Extracted records:
-*-
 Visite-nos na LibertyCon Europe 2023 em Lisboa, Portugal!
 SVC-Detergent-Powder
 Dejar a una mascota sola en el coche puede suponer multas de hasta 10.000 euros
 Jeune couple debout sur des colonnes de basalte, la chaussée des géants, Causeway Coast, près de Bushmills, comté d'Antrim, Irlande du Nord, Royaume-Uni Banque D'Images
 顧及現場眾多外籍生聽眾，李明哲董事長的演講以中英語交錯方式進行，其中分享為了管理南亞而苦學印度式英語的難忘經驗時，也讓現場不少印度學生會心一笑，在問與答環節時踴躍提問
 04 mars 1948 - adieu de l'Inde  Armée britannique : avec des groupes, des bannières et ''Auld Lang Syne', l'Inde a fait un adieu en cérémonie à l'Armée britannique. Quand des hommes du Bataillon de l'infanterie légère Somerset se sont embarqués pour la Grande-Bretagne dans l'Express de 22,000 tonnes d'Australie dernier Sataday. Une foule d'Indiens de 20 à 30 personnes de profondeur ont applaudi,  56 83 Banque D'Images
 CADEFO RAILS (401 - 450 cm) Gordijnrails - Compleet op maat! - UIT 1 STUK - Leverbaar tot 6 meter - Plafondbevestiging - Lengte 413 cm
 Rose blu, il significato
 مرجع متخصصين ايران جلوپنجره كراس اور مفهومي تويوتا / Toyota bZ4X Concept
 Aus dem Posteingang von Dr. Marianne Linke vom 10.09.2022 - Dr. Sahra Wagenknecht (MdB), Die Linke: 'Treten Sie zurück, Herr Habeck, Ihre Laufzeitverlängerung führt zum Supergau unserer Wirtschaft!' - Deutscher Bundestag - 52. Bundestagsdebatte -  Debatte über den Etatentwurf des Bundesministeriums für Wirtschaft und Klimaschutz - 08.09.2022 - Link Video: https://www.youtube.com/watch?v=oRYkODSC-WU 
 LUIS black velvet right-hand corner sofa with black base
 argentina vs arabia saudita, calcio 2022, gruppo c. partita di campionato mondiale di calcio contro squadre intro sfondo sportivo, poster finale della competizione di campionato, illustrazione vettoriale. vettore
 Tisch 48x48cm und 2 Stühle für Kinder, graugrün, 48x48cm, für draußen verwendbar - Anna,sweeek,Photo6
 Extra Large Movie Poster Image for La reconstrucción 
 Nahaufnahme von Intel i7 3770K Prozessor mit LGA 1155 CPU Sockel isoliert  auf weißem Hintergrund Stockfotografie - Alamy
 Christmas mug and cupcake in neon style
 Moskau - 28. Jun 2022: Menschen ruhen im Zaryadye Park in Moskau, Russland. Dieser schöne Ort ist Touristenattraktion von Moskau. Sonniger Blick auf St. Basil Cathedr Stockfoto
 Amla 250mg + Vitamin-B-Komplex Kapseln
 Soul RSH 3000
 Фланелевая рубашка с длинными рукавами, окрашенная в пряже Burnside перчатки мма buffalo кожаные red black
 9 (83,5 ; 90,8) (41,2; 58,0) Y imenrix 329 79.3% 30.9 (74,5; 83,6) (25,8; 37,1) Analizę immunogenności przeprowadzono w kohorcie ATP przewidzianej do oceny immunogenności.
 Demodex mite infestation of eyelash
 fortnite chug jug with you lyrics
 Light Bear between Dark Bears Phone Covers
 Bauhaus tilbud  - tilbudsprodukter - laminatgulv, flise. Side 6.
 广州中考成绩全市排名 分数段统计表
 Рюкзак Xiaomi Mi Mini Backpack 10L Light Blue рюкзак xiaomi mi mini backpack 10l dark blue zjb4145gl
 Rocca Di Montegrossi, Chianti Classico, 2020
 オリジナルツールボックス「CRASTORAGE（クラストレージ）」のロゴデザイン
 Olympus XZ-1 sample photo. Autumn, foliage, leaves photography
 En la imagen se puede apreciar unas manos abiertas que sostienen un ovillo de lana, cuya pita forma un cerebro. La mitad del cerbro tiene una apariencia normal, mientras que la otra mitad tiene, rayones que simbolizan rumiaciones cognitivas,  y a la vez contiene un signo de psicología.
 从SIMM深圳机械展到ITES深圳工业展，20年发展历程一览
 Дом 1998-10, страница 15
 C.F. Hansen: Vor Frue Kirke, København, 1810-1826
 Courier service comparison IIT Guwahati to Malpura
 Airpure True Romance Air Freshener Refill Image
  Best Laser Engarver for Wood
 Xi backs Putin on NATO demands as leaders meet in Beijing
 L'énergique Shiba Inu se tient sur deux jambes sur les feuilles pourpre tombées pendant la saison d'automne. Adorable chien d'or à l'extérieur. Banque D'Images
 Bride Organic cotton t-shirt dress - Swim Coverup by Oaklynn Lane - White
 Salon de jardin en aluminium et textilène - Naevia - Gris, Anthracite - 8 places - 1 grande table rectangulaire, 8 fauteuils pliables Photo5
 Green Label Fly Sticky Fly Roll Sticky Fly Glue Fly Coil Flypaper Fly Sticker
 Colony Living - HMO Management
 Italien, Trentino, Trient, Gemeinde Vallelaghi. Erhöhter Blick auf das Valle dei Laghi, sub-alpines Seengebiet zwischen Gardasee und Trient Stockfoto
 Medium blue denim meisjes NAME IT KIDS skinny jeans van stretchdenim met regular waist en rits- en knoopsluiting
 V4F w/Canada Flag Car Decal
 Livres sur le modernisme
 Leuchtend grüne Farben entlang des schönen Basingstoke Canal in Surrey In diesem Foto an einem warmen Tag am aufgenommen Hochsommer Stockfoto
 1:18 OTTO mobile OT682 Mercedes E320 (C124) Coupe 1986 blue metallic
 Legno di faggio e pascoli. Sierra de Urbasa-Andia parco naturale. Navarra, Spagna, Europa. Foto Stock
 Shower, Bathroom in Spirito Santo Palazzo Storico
-*-
> EXERCISE
Set down only the lines above that fall between the line holding "Rocca Di Montegrossi, Chianti Classico, 2020" and the line holding "Xi backs Putin", inclusive, keeping each exact.

> RESPONSE BELOW
 Rocca Di Montegrossi, Chianti Classico, 2020
 オリジナルツールボックス「CRASTORAGE（クラストレージ）」のロゴデザイン
 Olympus XZ-1 sample photo. Autumn, foliage, leaves photography
 En la imagen se puede apreciar unas manos abiertas que sostienen un ovillo de lana, cuya pita forma un cerebro. La mitad del cerbro tiene una apariencia normal, mientras que la otra mitad tiene, rayones que simbolizan rumiaciones cognitivas,  y a la vez contiene un signo de psicología.
 从SIMM深圳机械展到ITES深圳工业展，20年发展历程一览
 Дом 1998-10, страница 15
 C.F. Hansen: Vor Frue Kirke, København, 1810-1826
 Courier service comparison IIT Guwahati to Malpura
 Airpure True Romance Air Freshener Refill Image
  Best Laser Engarver for Wood
 Xi backs Putin on NATO demands as leaders meet in Beijing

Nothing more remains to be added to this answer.